Table of contents
- What Are Intellectual Property Rights?
- The Importance of Intellectual Property Rights
- Types of Intellectual Property Rights
Intellectual property rights are legal rights that provide creators protection for original works, inventions, or the appearance of products, artistic works, scientific developments, and so on.
Basically speaking, intellectual property rights are a common type of legal IP protection for those who invent.
These rights have contributed enormously to the world, in particular economically.
Many companies in various industries rely on the enforcement of their patents, trademarks, and copyrights, while consumers can also be assured of quality when purchasing IP-backed products.
Now, let’s better understand the benefits IP delivers and how we should value the different protection types of intellectual property rights.
The purpose of intellectual property rights is to encourage new creations, including technology, artwork, and inventions, that might increase economic growth. Intellectual property rights increase the incentives for individuals to continue to produce things that further create job opportunities and new technologies while enabling our world to improve and evolve even faster.
- Intellectual Property Creates and Supports High-Paying Jobs
IP-intensive industries employ over 45 million Americans and hundreds of millions of other people worldwide. The average worker in an IP industry earns about 46% more than their counterpart in a non-IP industry.
- Intellectual Property Drives Economic Growth and Competitiveness
America’s IP industry is worth approximately US$ 6.6 trillion, which is more than the nominal GDP of any other country in the world. IP-intensive industries account for over 1/3 (or 38.2%) of total U.S. GDP. 52% of all U.S. merchandise exports are related to IP, amounting to nearly US$ 842 billion.
There are four types of intellectual property rights (IP): patents, trademarks, copyrights, and trade secrets.
A patent is used to prevent an invention from being created, sold, or used by another party without permission. Patents are the most common type of intellectual property rights that come to people’s minds when they think of intellectual property rights protection. A patent owner has every right to commercialize his/her/its patent, including buying and selling the patent or granting a license to the invention to any third party under mutually agreed terms.
In the U.S., patents can be categorized into three types: utility, design, and plant.
A utility patent is what most people think of when they hear the word “patent.” It is also the most common type of patent that inventors apply for. A utility patent protects the creation of new or improved products, processes, compositions of matter, or machines that are useful.
In addition, once a utility patent is granted, the patent owner will have the right to exclude anyone from making, using, or selling this invention for 20 years, starting from the date the patent application was filed.
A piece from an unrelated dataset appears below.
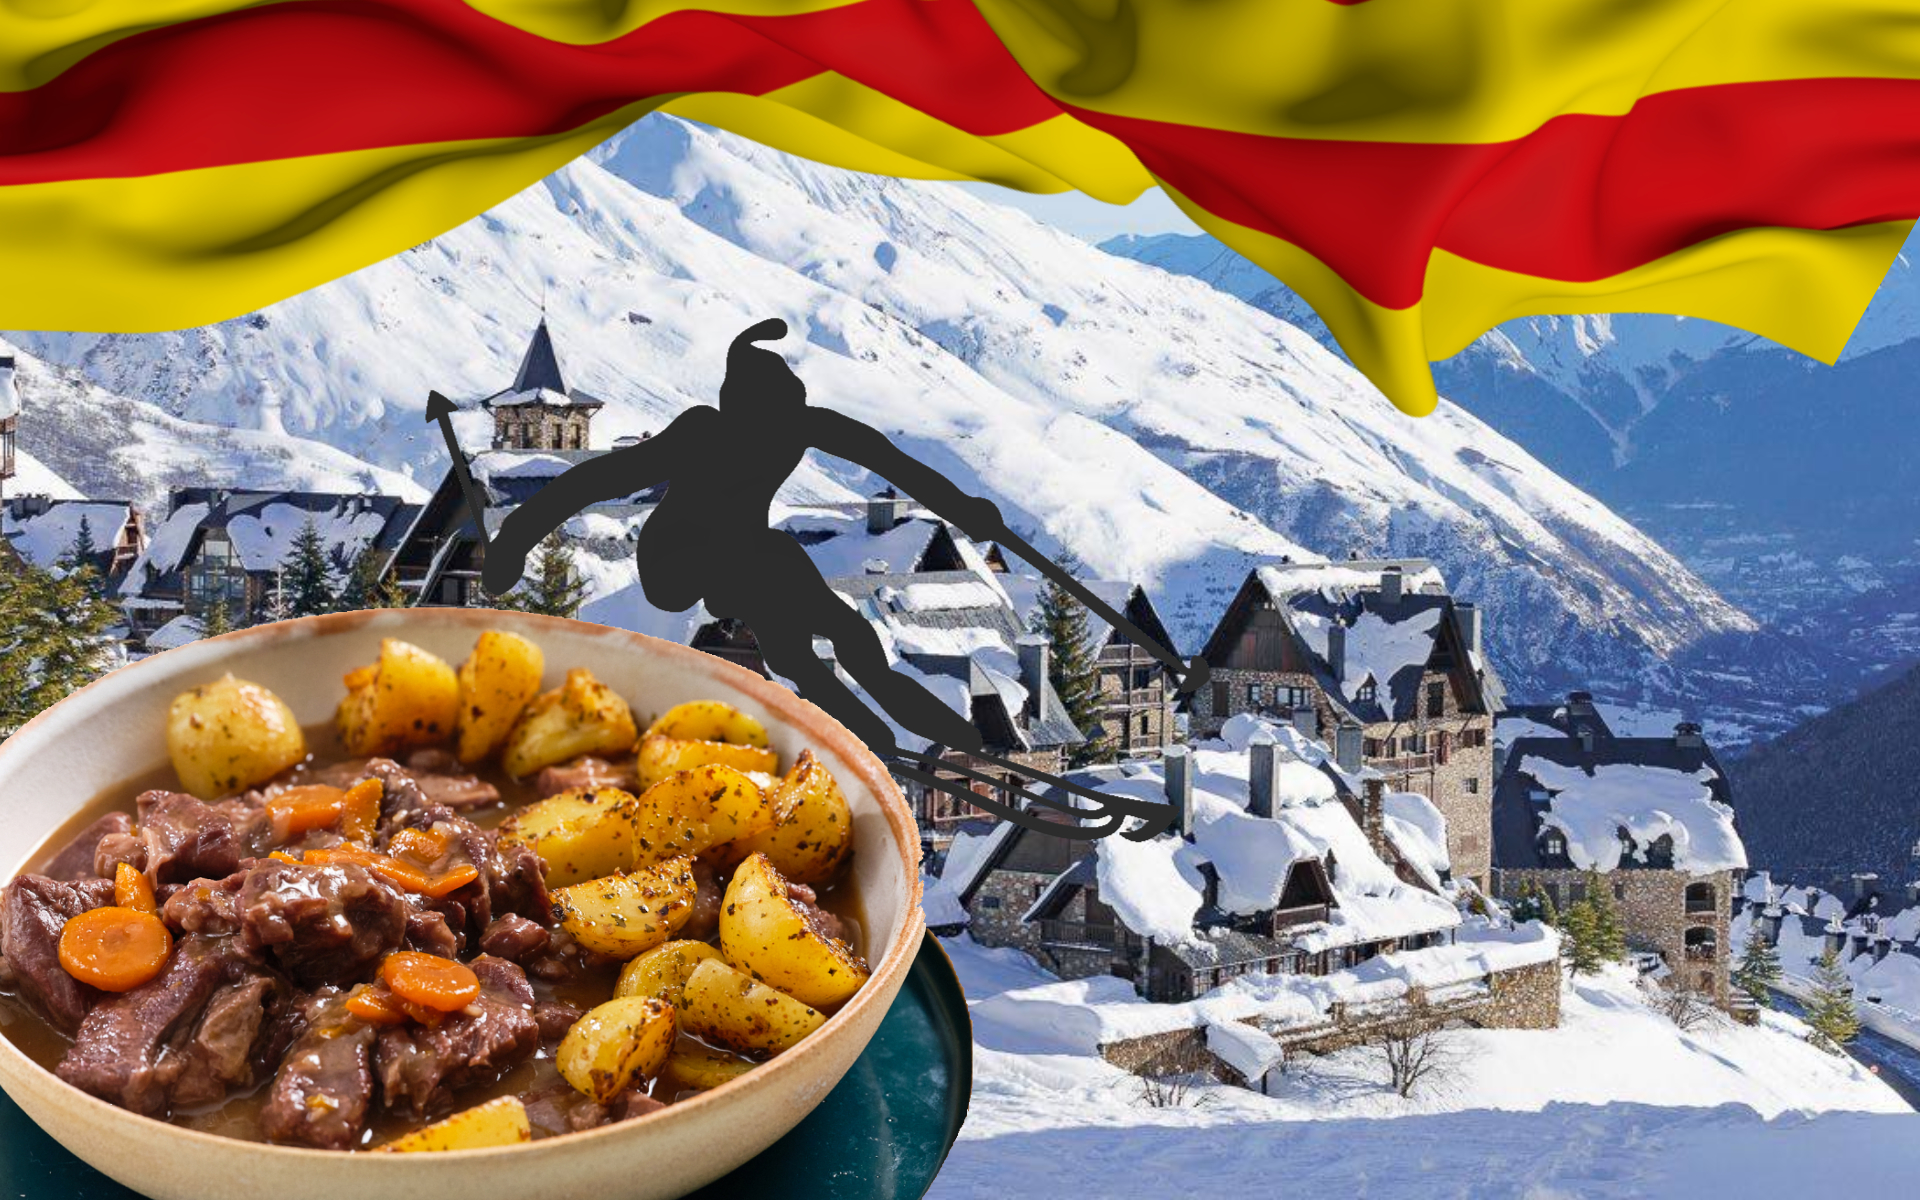 Dónde comer en el Pirineo: los mejores restaurantes que son una joya para descubrir en la montaña

An example of utility patent: Method for a driver assistance system of a vehicle US9772626B2
A design patent only protects the ornamental characteristics and the appearance of a product, but not the structural and functional features. Since design patents and utility patents provide completely different areas of intellectual property protection, you can apply for both utility and design patents for the same product.
Unlike utility patents, design patents have a 15-year term.
An example of design patent: Electric bicycle USD845178S1
A plant patent protects new kinds of plants that have been reproduced asexually. This means that the plant has been reproduced by seeds, cuttings, or other nonsexual means. Also, it cannot be a tuber-propagated plant or a plant that is still uncultivated.
Plant patents also have a 20-year term.
An example of plant patent: Crapemyrtle plant named ‘JM1’ USPP31585P2
Trademarks are another familiar type of intellectual property rights protection. A trademark is a distinctive sign that allows consumers to identify the particular goods or services a company provides easily. Some examples include McDonald’s golden arch, the Facebook logo, and so on. A trademark can come in the form of text, a phrase, symbol, sound, smell, or color scheme. Unlike patents, a trademark can protect a set or class of products or services instead of just one product or process.
Copyright does not protect ideas. Instead, it only covers “tangible” forms of creations and original work–for example, art, music, architectural drawings, or even software codes. The copyright owner has the exclusive right to sell, publish, and/or reproduce any literary, musical, dramatic, artistic, or architectural work created by the author.
Trade secrets are the secrets of a business. They are proprietary systems, formulas, strategies, or other confidential information and are not meant for unauthorized commercial use by others. This is a critical form of protection that can help businesses gain a competitive advantage.
Although intellectual property rights may seem to provide a minimum amount of protection, when utilized wisely, they can maximize the benefit and value of an invention and enable world-changing technology to be developed, protected, and monetized.